I'm forming a community to enable and encourage engineers turned entrepreneurs.

A few weeks ago, I asked on LinkedIn why there aren’t more companies in the Southeast started by engineers. It prompted a lot of great conversations both online and offline. The tl;dr: I’m starting a group in Nashville for engineers-turned-entrepreneurs. You can sign up or read more about the details at techfounder.community.

What is the Tech Founder Community?

Taken from the website:

The goal of this community is to encourage and enable engineers to leverage their technical and domain expertise to build a thriving business. We do this by connecting interested folks in local networks with peers, mentors, advisors, and maybe even capital.

Nashville already has a lot of startup-type groups. Why one more?

The short version: existing support networks in Nashville do not target engineering audiences.

Nashville does have a lot of great things going for it. Programs like the Nashville Entrepreneur Center Pre-Flight and Inflight programs are really great ways to support growing businesses. However, this tends to support either business development types (think MBA graduates) or domain experts. This tends to lead to a lot of business founders looking for “technical co-founders”, often in exchange for sweat equity1.

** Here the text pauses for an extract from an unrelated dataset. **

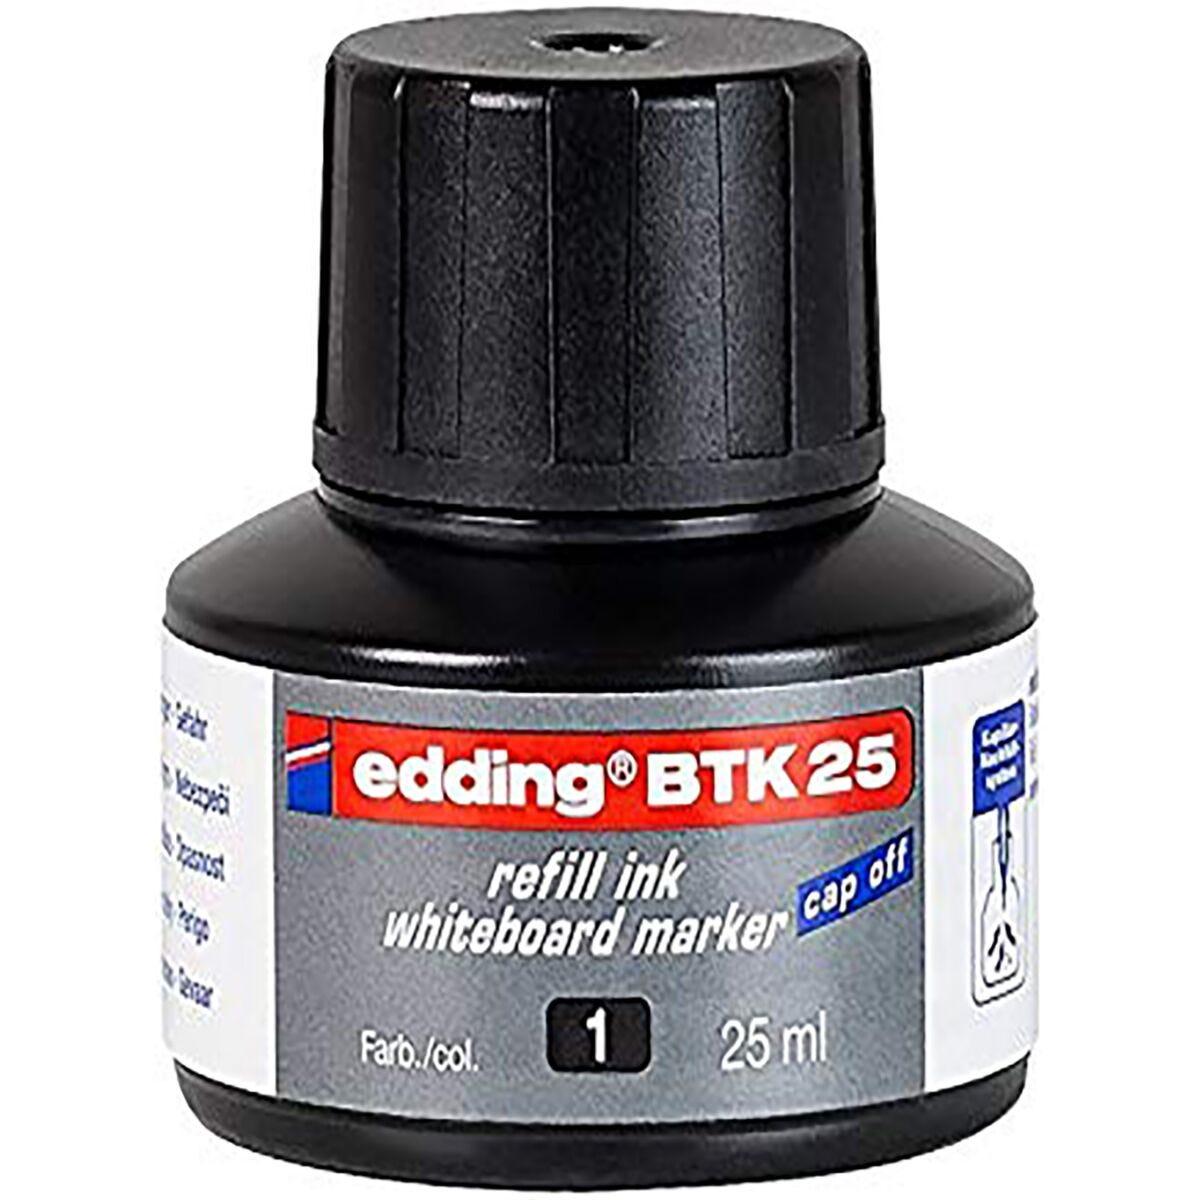 Edding BTK25 Refill ink

There’s also a very active engineering community in Nashville. Many of them have either launched their own business or have considered doing so. According to one survey from Packt in 2018, 1 in 3 software developers hope to found their own company.

The phenomenon of engineer-turned-entrepreneur is embraced in many coastal cities, but this simply isn’t the case in middle America. I want to change that, at least for Nashville, by providing a peer support network, veteran mentors, and more. We can leverage existing infrastructure (like the EC) where appropriate but focus on enabling and encouraging folks with a technical background.

What makes you think you’re qualified to host this group?

  • I’m both an engineer and entrepreneur. I started writing software professionally in 2000, and started my first company in 2004. I co-founded Stratasan in 2011, grew it to about 100 people, and then exited in 2022.
  • I’m a big fan of the “open concept” meetups. I was an active participant in OpenCoffee circa 2008 (that’s me in the center of a photo on Fred Wilson’s blog). I’ve seen how useful these informal groups can be in encouraging an ecosystem of peer support.
  • I have experience managing communities. In fact, I met my wife on such a community (that I started) back in the mid-90s (that’s some nerd-cred, right?). When I moved from engineer to manager, I started a monthly breakfast group for engineers-turned-managers ten years ago.

Why now, in 2024?

  • The macroeconomic big picture.
    • We’re in a weird time. The tech economy is struggling. Due to lay-offs, a lot of engineers have some free time on their hands. Some of them have fairly nice severance packages. What better time to dip your toes into entrepreneurship?
    • With all of the tech lay-offs, many of us are wondering how we can control our own destiny. You’ve poured your heart into a company. The upside is the company does well and you make someone else a lot of money. The downside is you get unceremoniously cut when the economy lags (or management makes poor decisions).2 “Job stability” is not so much, so you might as well roll the dice and potentially see some upside.
    • Economic slowdowns are the time to start a company!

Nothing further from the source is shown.